Это был бюст человека с гордо и вызывающе поднятой головой, с высоким, благородным лбом, с лицом агитатора, дышавшим волей и энергией.
— Узнаешь?
— Лицо знакомое, но трудно вспомнить.
— Это — Лассаль. Тоже мучился и с ним: перечитал все его речи, «Один в поле не воин» Шпильгагена — и все не мог натуры найти. Помогла мне старая статуэтка моей же работы с одного эмигранта. Жил с ним в Париже. Совсем я тогда слабеньким, желторотым учеником был: голодал, лепил миниатюры на продажу, а он ходил продавать на тротуаре. Вот с него и взял я материал, кроме, конечно, портретов Лассаля…
Птица налил два стакана горячего кофе и поманил приятеля в маленькую комнату.
— Пей! Насчет закуски слабовато нынче: черный хлеб только, голодновато в Москве. А все-таки — молодцы большевики!
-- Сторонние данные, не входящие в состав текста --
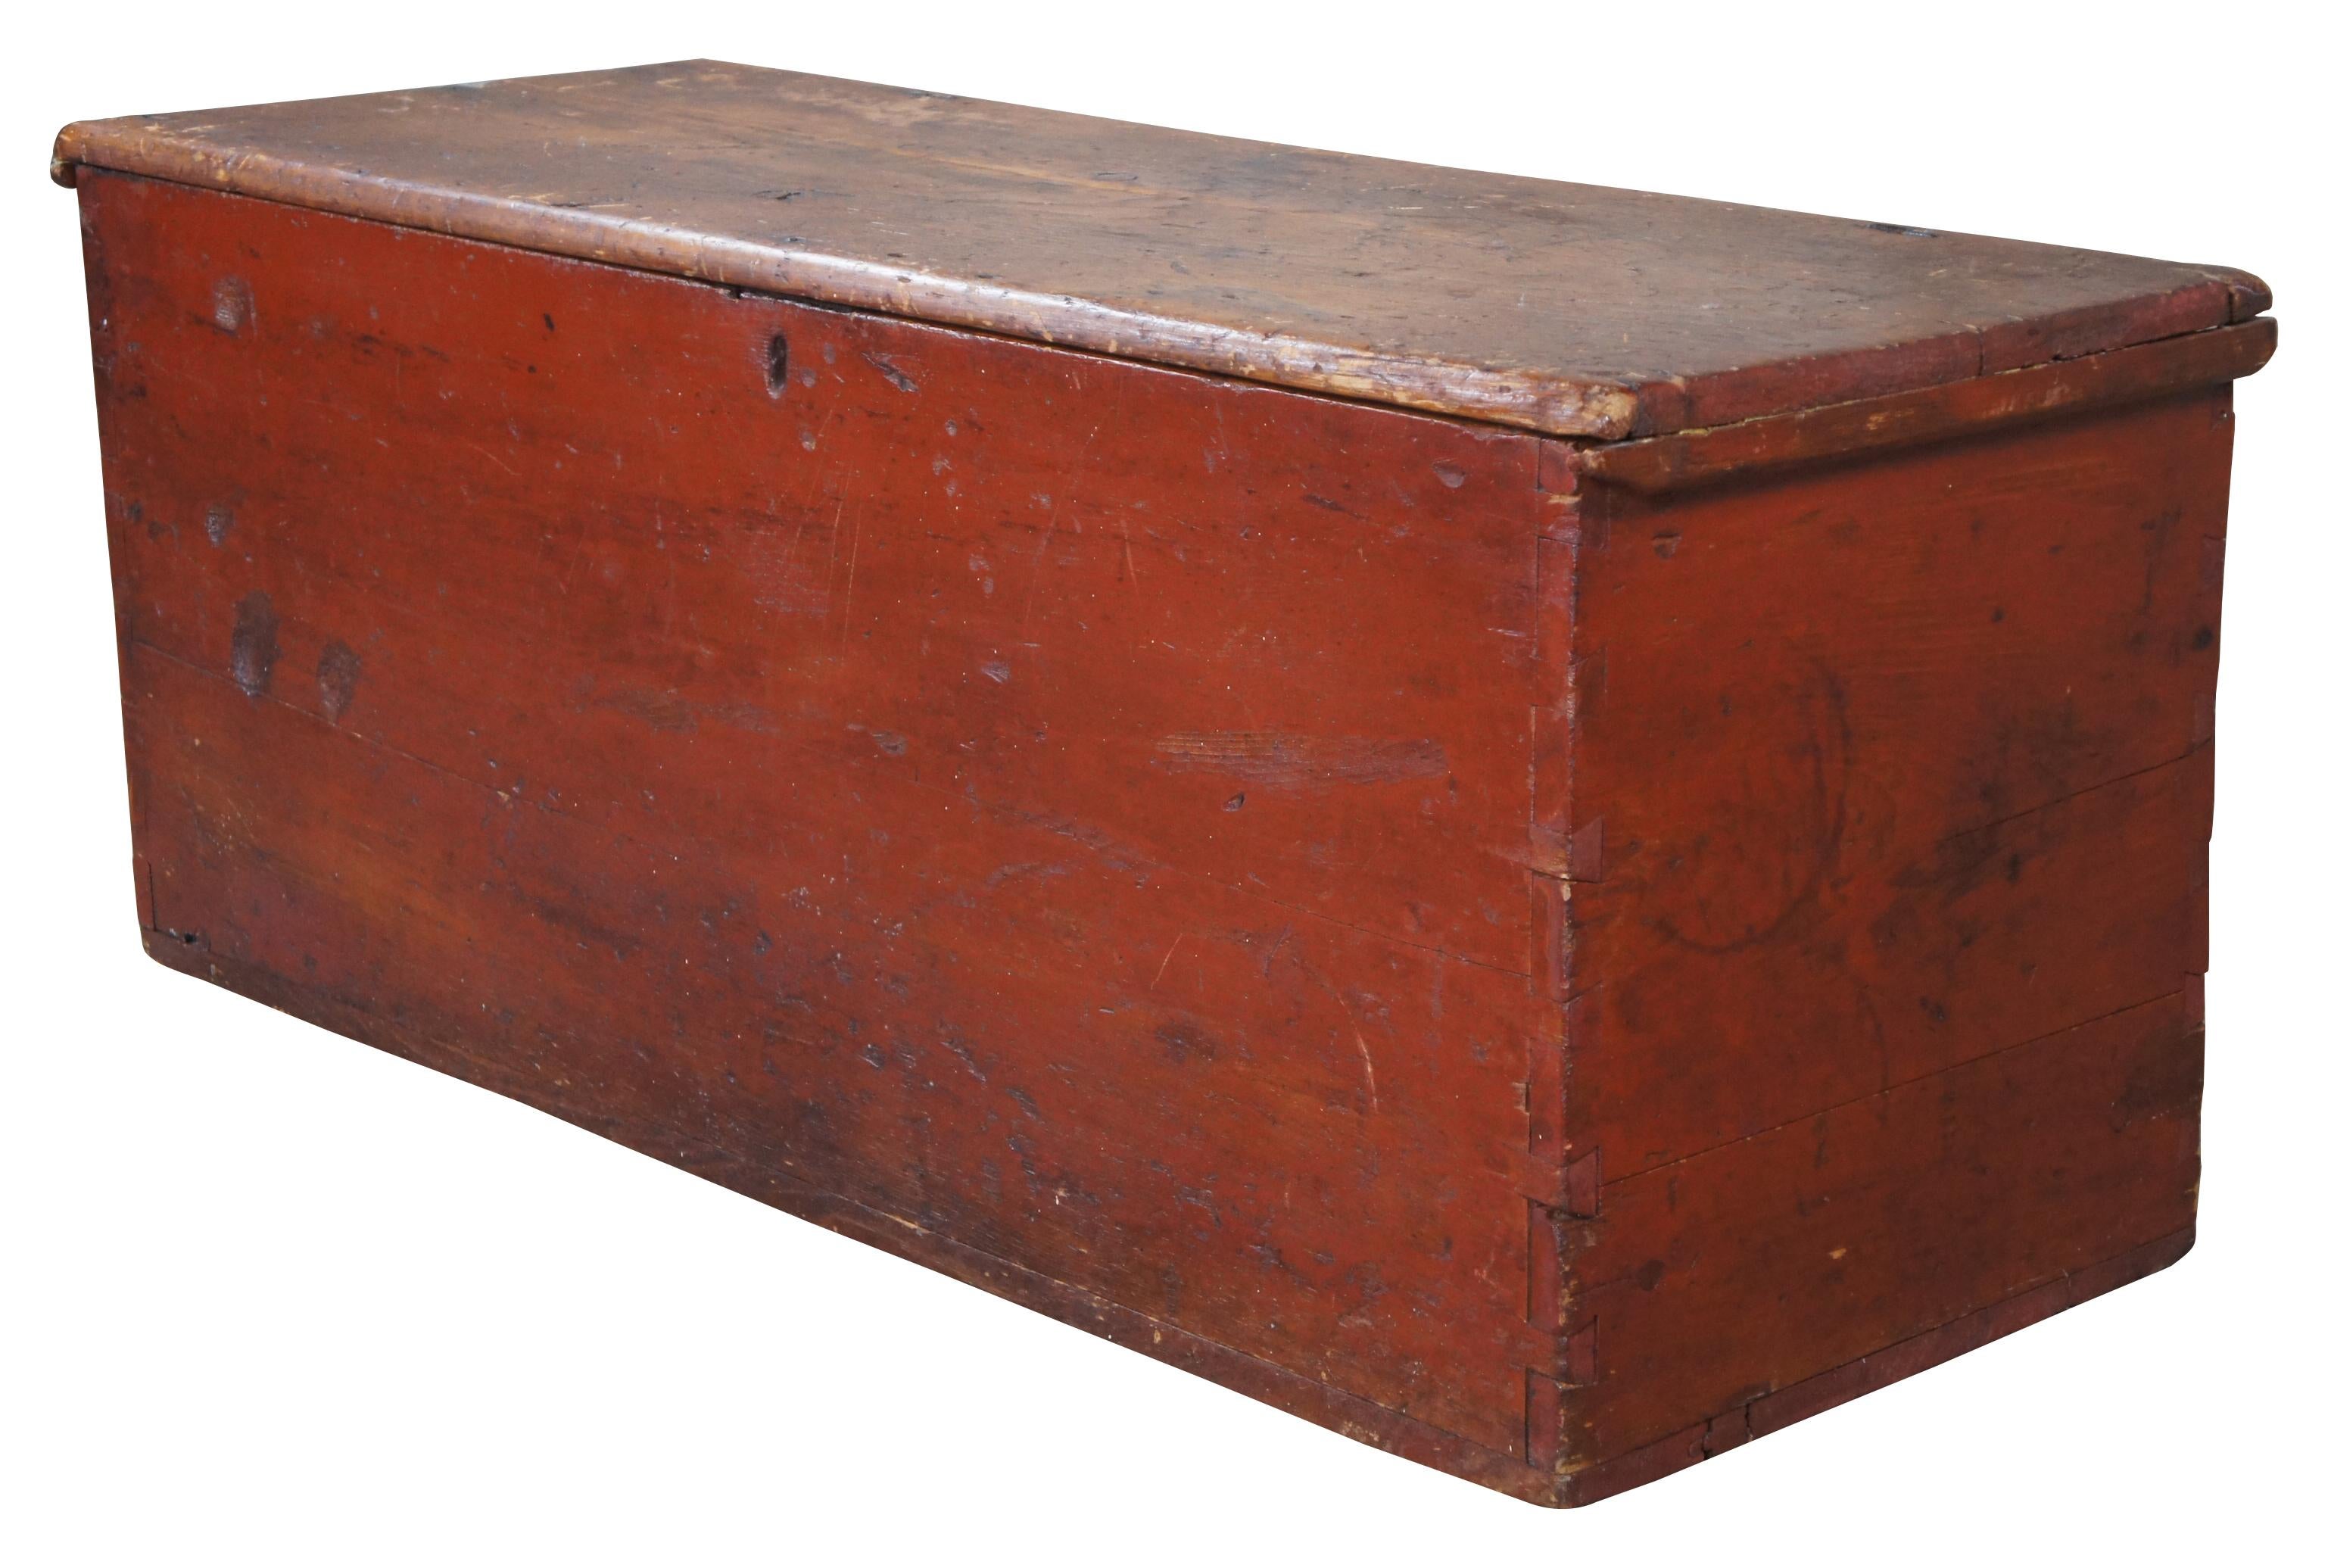 Antique 19th century primitive pine farmhouse blanket / hope chest or toy storage trunk. Made of pine featuring rectangular form painted red exterior, hand dovetailing, forged iron hinges and one interior compartment. Measure: 44

Как они умеют организовать всякие праздники, что делается в цирке, в балете, в опере! — Птица улыбнулся и продолжал, отхлебывая кофе: — Вот, сэр, какие дела.
— Голод в Москве, — пробормотал Валерьян.
— Это обойдется. Не хлебом одним жив человек. Зато сколько денег идет на театры, художество, литературу! Книги, брат, теперь издаются в сотнях тысяч! Наша братия, художники, прежде зависели всецело от буржуазии, чесали ей пятки. Все, что искусство создало до революции, будет поставлено на почетную полочку, но — не годится для настоящего момента: оно не созвучно эпохе! Нам с тобой нужно начинать сначала. Так начнем же! Черт побери из тяньтери в яньтери наше прошлое! Прежде властвовавший класс умер. Туда ему и дорога! В мир грядет коммунизм! — вскричал Птица с пафосом. — И что бы ни случилось с ним, несомненно одно: свершается колоссальный сдвиг во всем мире в пользу галерки, которая пересела в партер.
Он крепко поставил стаканы, взъерошил вихры, взял с полки маленькую переплетенную книжку, раскрыл ее и сказал, понизив голос:
— Вот что писал когда-то Генрих Гейне о коммунистах! Послушай…
Птица порылся в книге, нашел нужную страницу и прочел с увлечением:
— «С ужасом и трепетом думаю я о времени, когда коммунисты, эти мрачные иконоборцы, достигнут господства: своими грубыми руками они беспощадно разобьют все мраморные статуи красоты, столь дорогие моему сердцу; они разрушат все те фантастические игрушки искусства, которые так любит поэт; лилии, которые не занимались никакой пряжей и никакой работой и, однако же, были одеты так великолепно, как царь Соломон во всем своем блеске, будут вырваны из почвы общества, разве только захотят взять в руки веретено; роз, этих праздных невест соловьев, постигнет такая же участь; соловьи, эти бесполезные певцы, будут прогнаны и — увы! — из моей „Книги песен“ бакалейный торговец будет делать пакеты и всыпать в них кофе или нюхательный табак для старых баб будущего. Увы! я предвижу все это, и несказанная скорбь охватывает меня, когда я думаю о гибели, которую победоносный пролетариат угрожает моим стихам: они сойдут в могилу вместе со всем старым романтическим миром».
Птица захлопнул книгу, сунул ее на полочку и, повернувшись к Валерьяну, сказал:
— Лет сто назад писано. Коммунизм приходил в мир вместе с каждой революцией, но — не достигал господства. Теперь опять пришел! Бедный Гейне! Он думал, что коммунисты разобьют статуи красоты, но они их воздвигают! Думал, что его стихи сойдут в могилу, но коммунисты воскресили их! Он скорбел половиной своего расколотого сердца, а другой половиной смеялся над этой романтической скорбью и — приветствовал революцию. Он без колебаний примкнул к ней, ибо чувствовал, что романтика, которую он так любил, — отжившая гниль, музейная бутафория и что будущее человечества непременно, рано или поздно, пройдет через эпоху коммунизма. Он не любил «этих мрачных иконоборцев» и все-таки шел с ними, потому что любил жизнь, а она требовала гибели отжившего и была на стороне разрушителей… потому что, милый мой сэр, жизнь стремится вечно обновлять мир!
— Все это правда, но ведь они узкие, примитивные материалисты, — возразил Валерьян, — а мы, художники, никак не можем обойтись без фантазии, без поэзии и, как тот же Гейне, — без романтизма.